__Information shown__:
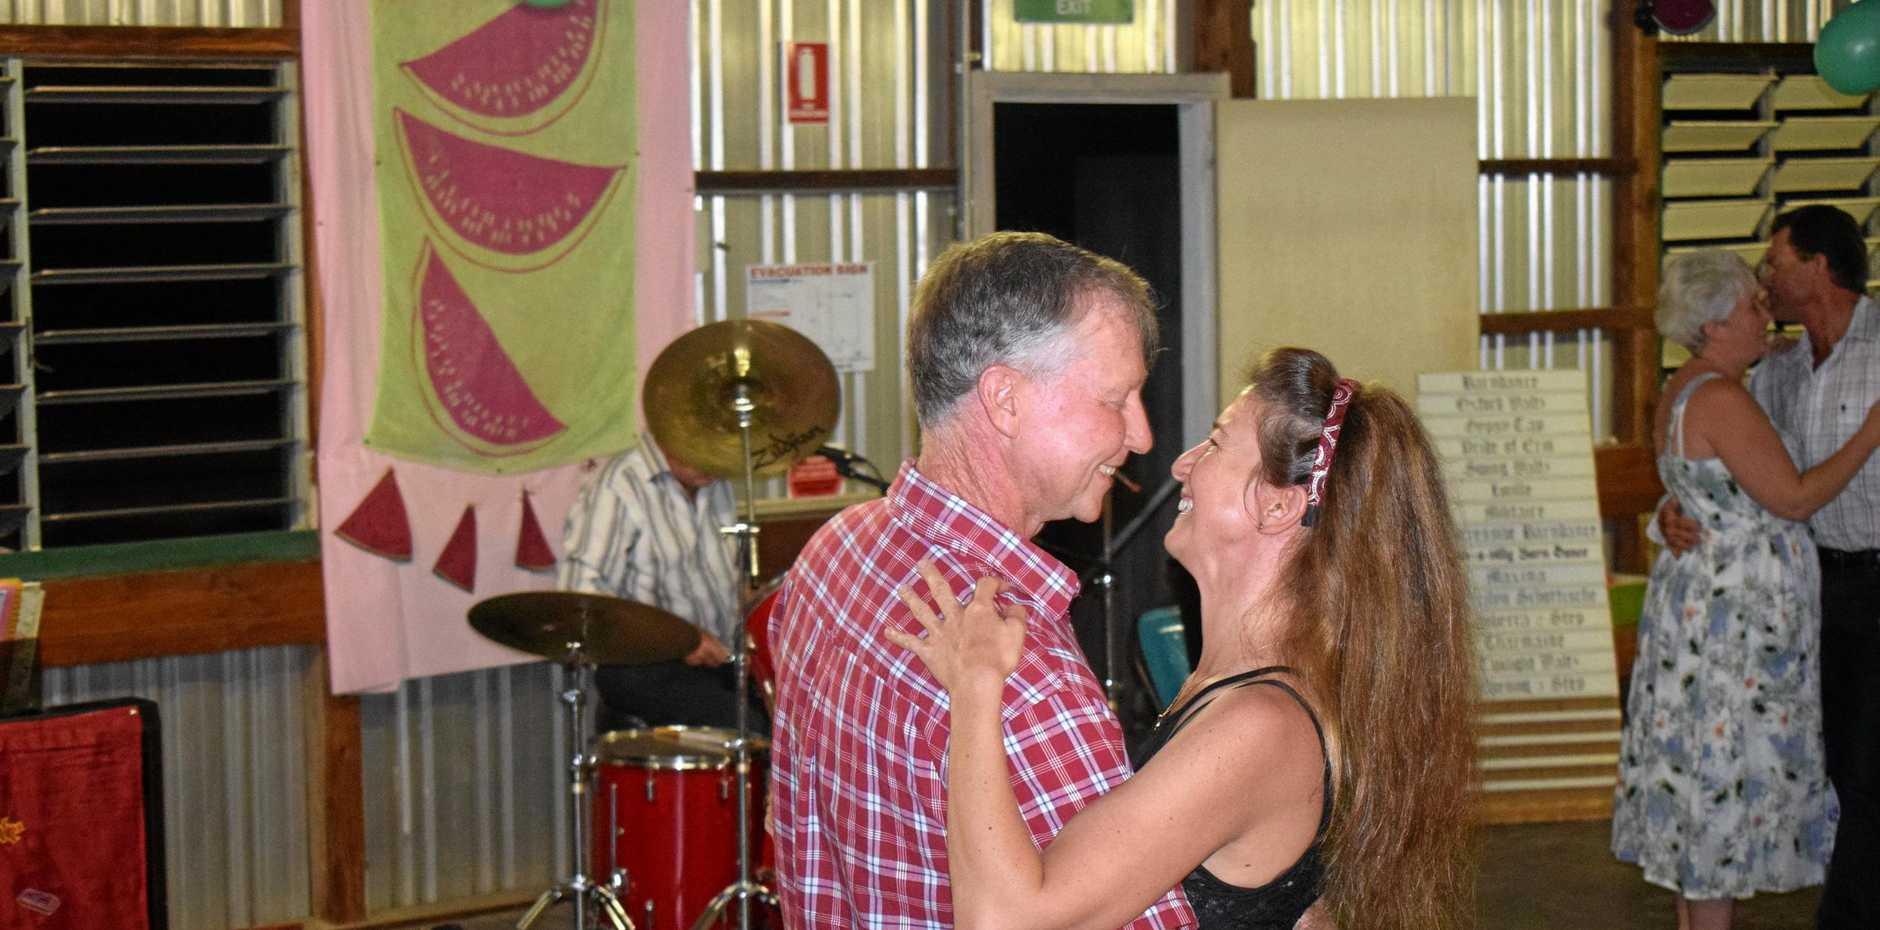 John Prior and Zita Stark at the Cameby Hall Melontine Dance - Saturday Feb 9, 2019.
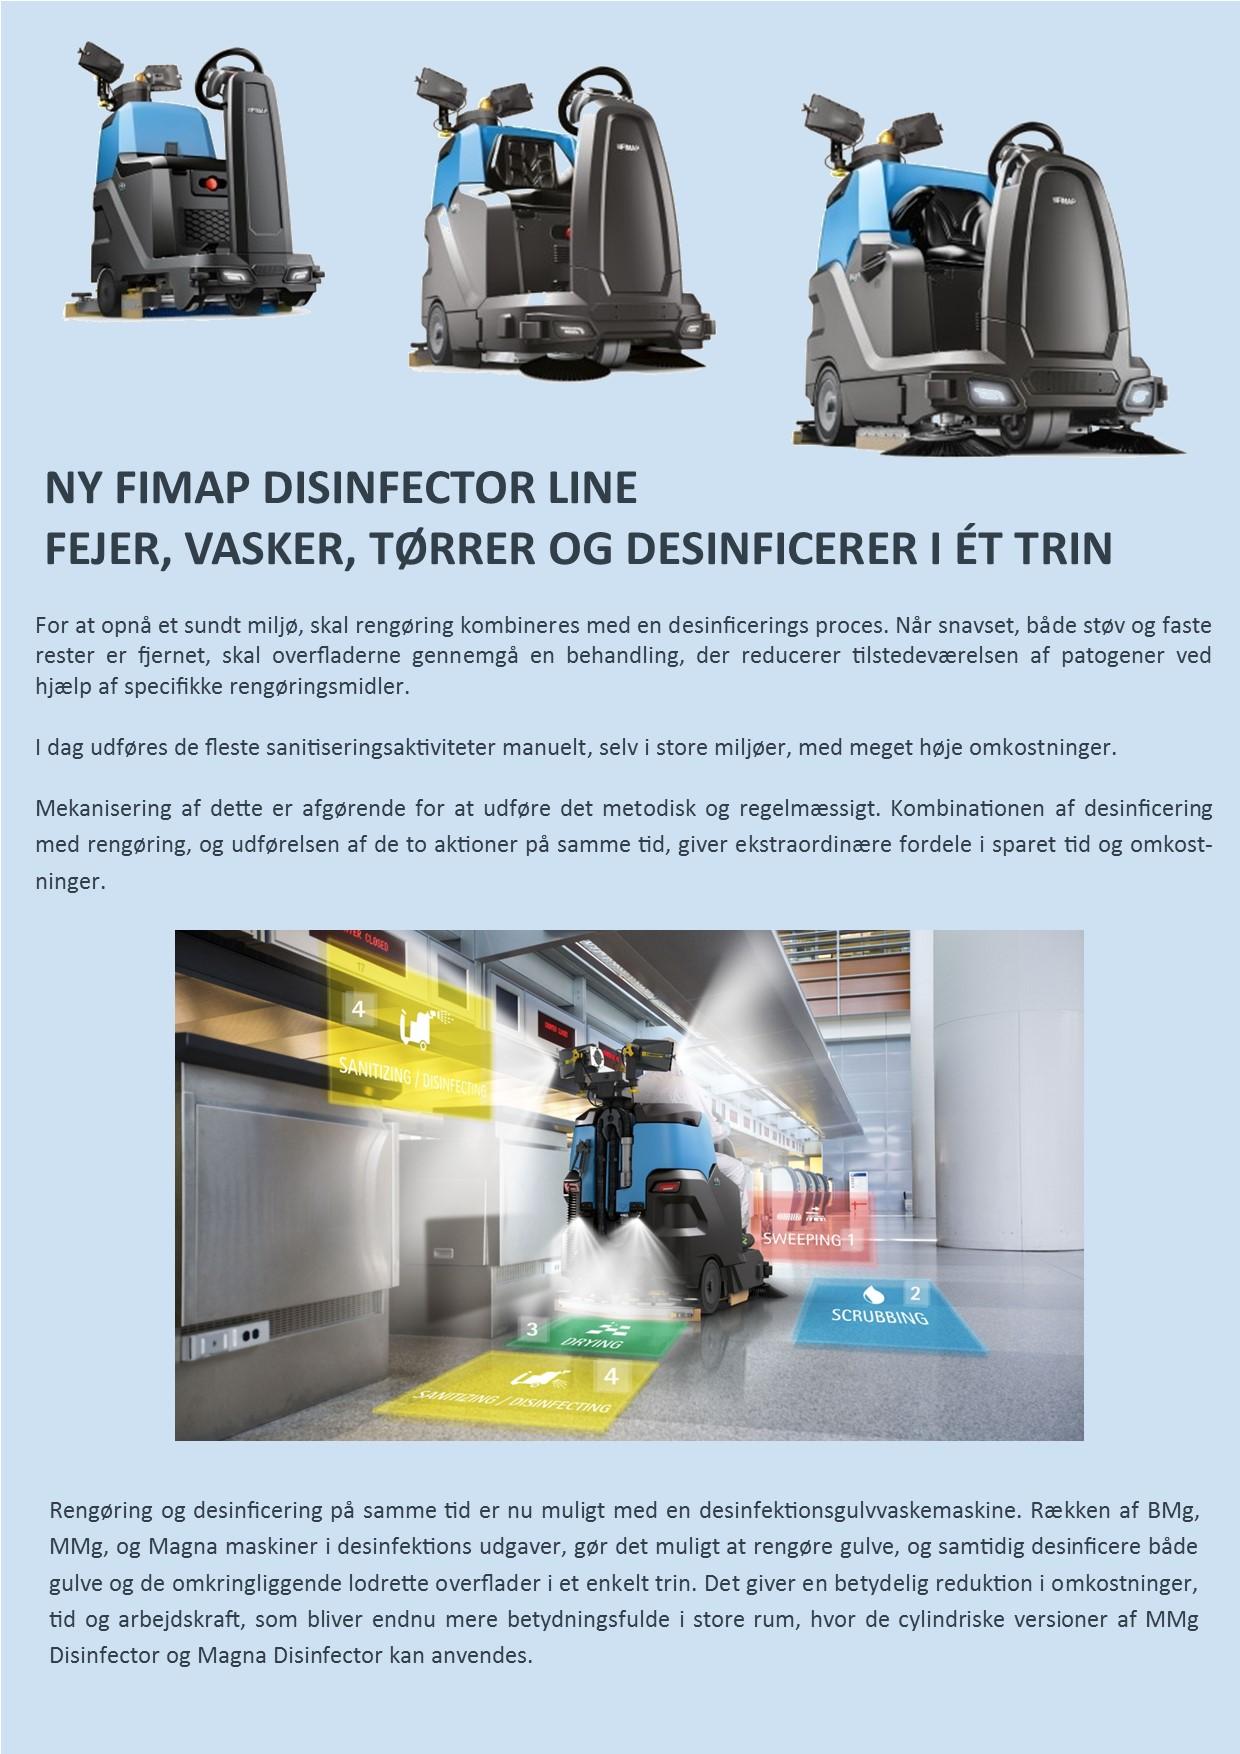 Disinfector Line 1
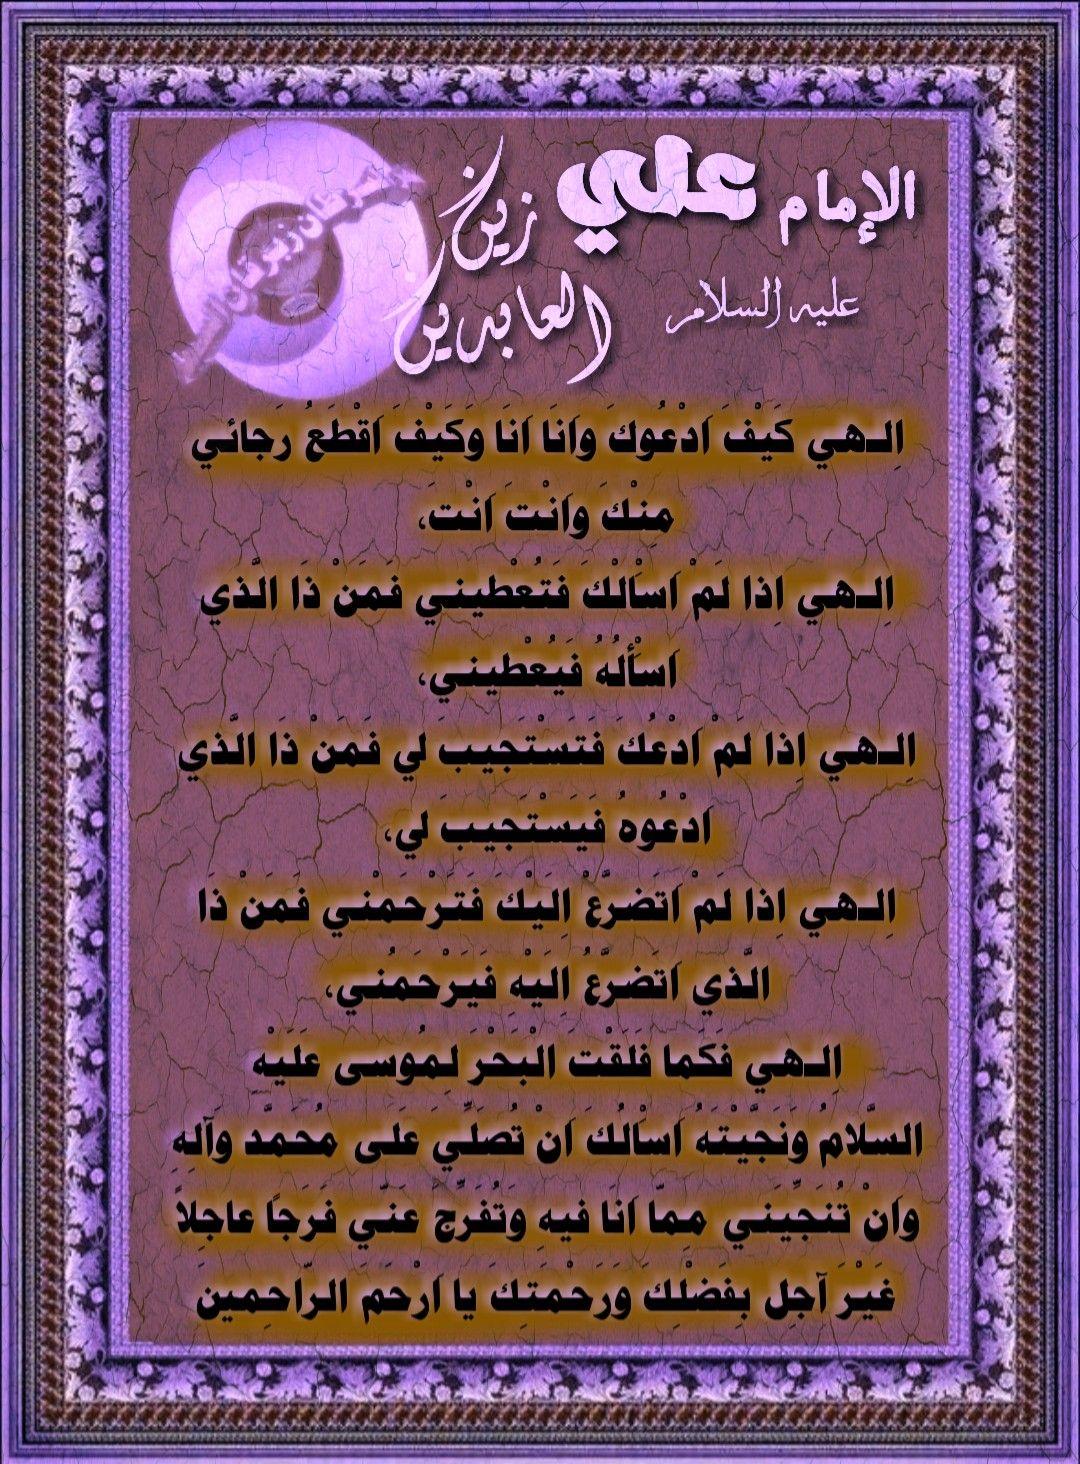 Pin By اهل البيت عليهم السلام On الامام علي زين العابدين Cards Dua
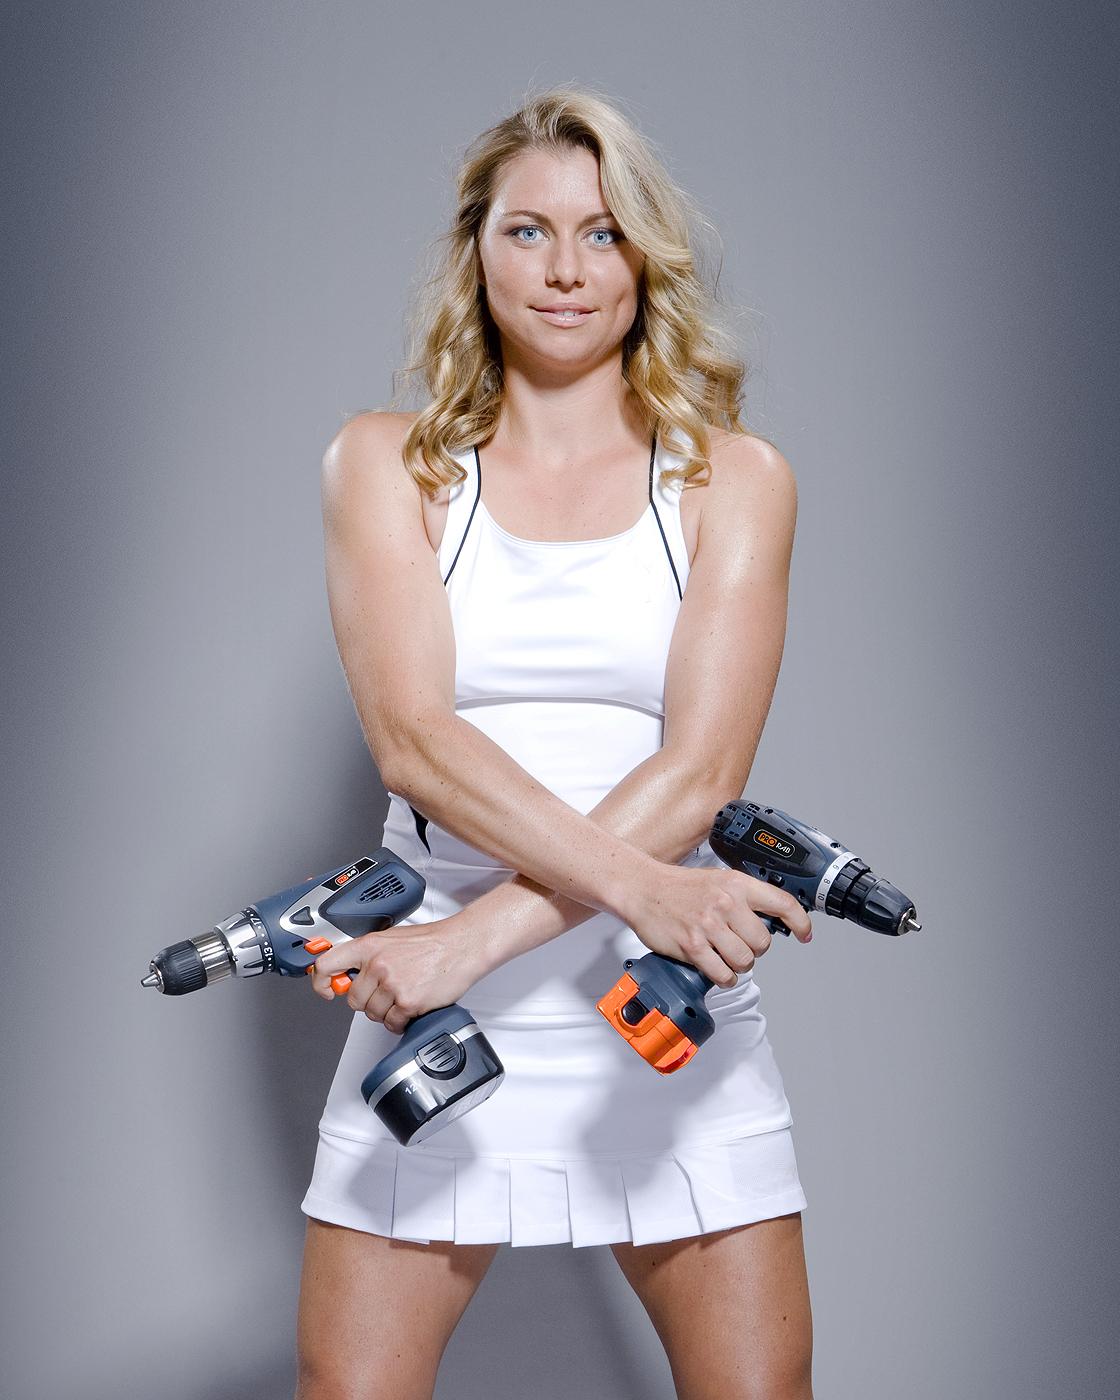 Russian Tennis Star Vera Zvonareva Hot Pics

__What you are asked to do__: Starting at the line that holds "Pin By اهل البيت", write out every remaining line of the material above exactly as it appears. Pictures should not be copied.

__Exercise solution__:
 Pin By اهل البيت عليهم السلام On الامام علي زين العابدين Cards Dua
 Russian Tennis Star Vera Zvonareva Hot Pics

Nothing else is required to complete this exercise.